Отставной полковник Морозов, руководивший пресс-группой, ступал тяжело, одним глазом косил, говорил с картавинкой, люто ненавидел евреев и рассказывал дамам на ушко похабные анекдоты. У него было два любимых выражения: "Мне родина и партия дали все" и "Язык в жопу", которое должно было означать предельную, военную степень секретности. Больше всего в людях он ценил образованность и порядочность. О секретаре партбюро "Надьке" Шершавенко по секрету сообщил, что она не только книг, но даже газет не читает.
Грузинистый дядечка из планового отдела был когда-то личным помощником Косыгина, а добродушнейший Максим Севастьянович с мордой башибузука, ведавший ротапринтом, служил в охране Сталина.
Кадровик Делов, вечно ходивший с расстёгнутой ширинкой, был прежде дипломатическим генералом.
Парторг Шершавенко, чёрная, с мягким "г" и вострым темноватым глазом, ходила, сильно выпадая левым бедром. Спервоначалу казалось, что она чрезмерно кокетливо виляет задницей, а потом уже становилось ясно, что это ревматическая хромота.

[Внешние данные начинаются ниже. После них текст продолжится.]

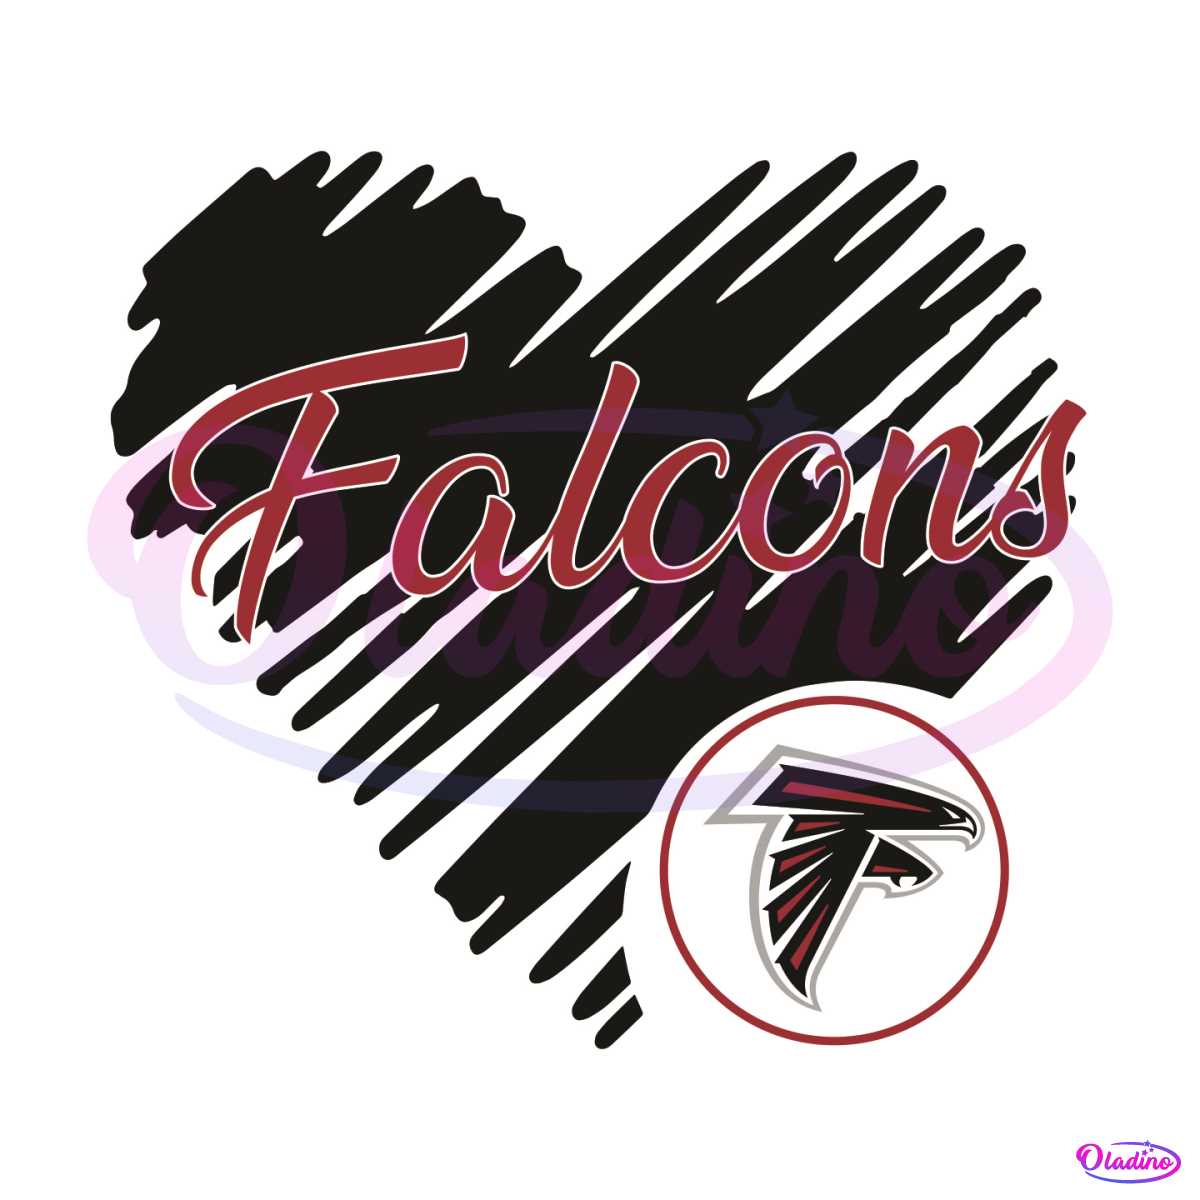 falcons symbol nfl

Только вице-председатель Забродин не имел физических дефектов, но имел нравственный: был когда-то военно-морским атташе в дружественной Стране Советов державе и на этом посту каким-то образом проштрафился. Мужик он был неплохой, носил адмиральскую бороду. Слыхал я, что он исправно посещает старообрядческий храм на Рогожской заставе. Он увлекался рыбалкой, особенно подлёдным ловом.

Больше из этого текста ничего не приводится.